High unemployment is considered the biggest hurdle to a stronger recovery because people worried about jobs have scaled back their spending. Consumer spending accounts for the bulk of the country’s economic activity.
The Philly Fed manufacturing survey was negative 7.7 for August after a reading of positive 5.1 last month. Economists were expecting the index to rise this month. Any reading above zero indicates growth in the sector.
It was an especially sobering report because manufacturing activity early this year had shown the most consistent signs of growth.
The report is “saying the manufacturing pop has run out of steam,” said Jim Peters, CEO of Tactical Allocation Group. The lift the economy got from companies replenishing inventories is over and sales have not picked up enough to maintain those levels, Peters said.
A report on future economic activity also fell short of expectations. The Conference Board’s index of leading economic indicators rose 0.1 percent last month after falling a month earlier. Economists had expected the index to rise 0.2 percent.
The index tries to predict economic activity over the next three to six months, so a rise in the index would indicate the economy is likely to grow during the second half of the year.
Chip maker Intel is buying computer-security software maker McAfee in an all-cash deal for $48 per share.

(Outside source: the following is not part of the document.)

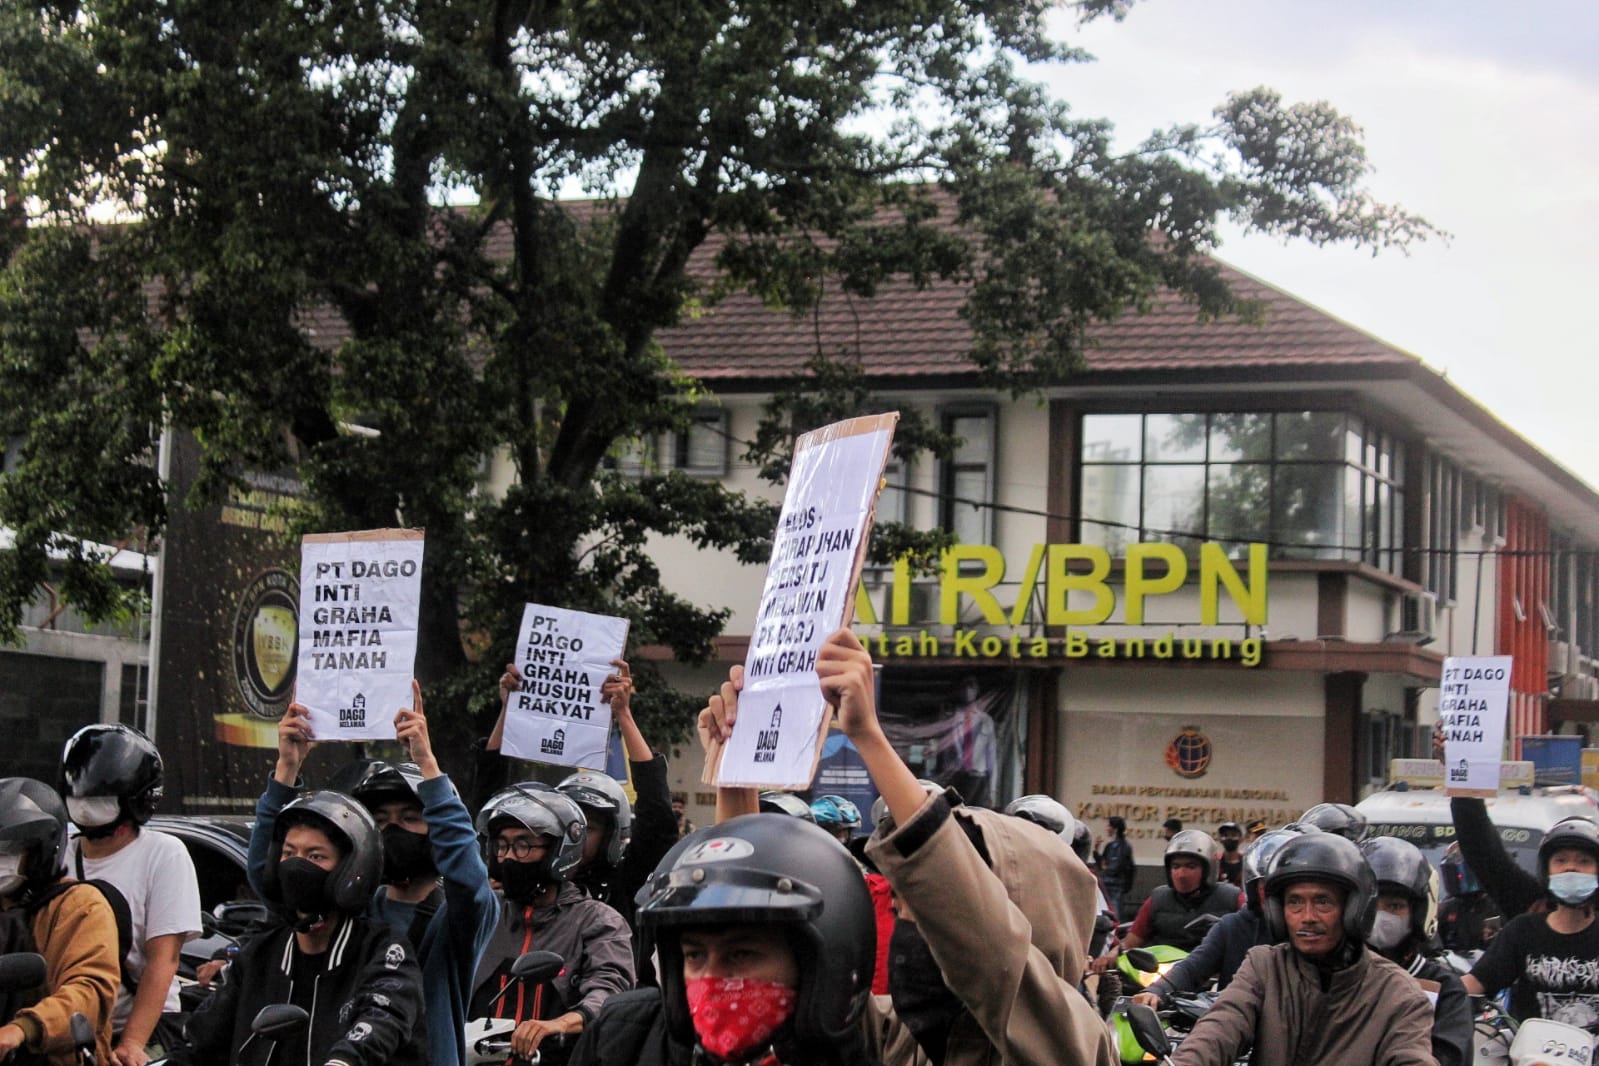 UNJUK RASA: Ratusan warga Dago Elos - Cirapuhan menggeruduk kantor BPN Kota Bandung untuk berunjuk rasa, meminta ketegasan BPN soal sengketa kepemilikan lahan, kemarin. (Deni/Jabar Ekspres)

McAfee shares surged $17.09, or 57.1 percent, to $47.02. Intel shares fell 61 cents, or 3.1 percent, to $18.98.
In other corporate news, Sears Holdings Corp. reported its second-quarter loss was cut in half as profit margins improved at its Kmart chain. But revenue at stores open at least a year, a key measure of strength in the retail industry, fell during the quarter. Sears shares dropped $5.36, of 8 percent, to $61.89.
Overseas, Britain’s FTSE 100 fell 1.7 percent, Germany’s DAX index fell 1.8 percent, and France’s CAC-40 dropped 2.1 percent. Japan’s Nikkei stock average rose 1.3 percent.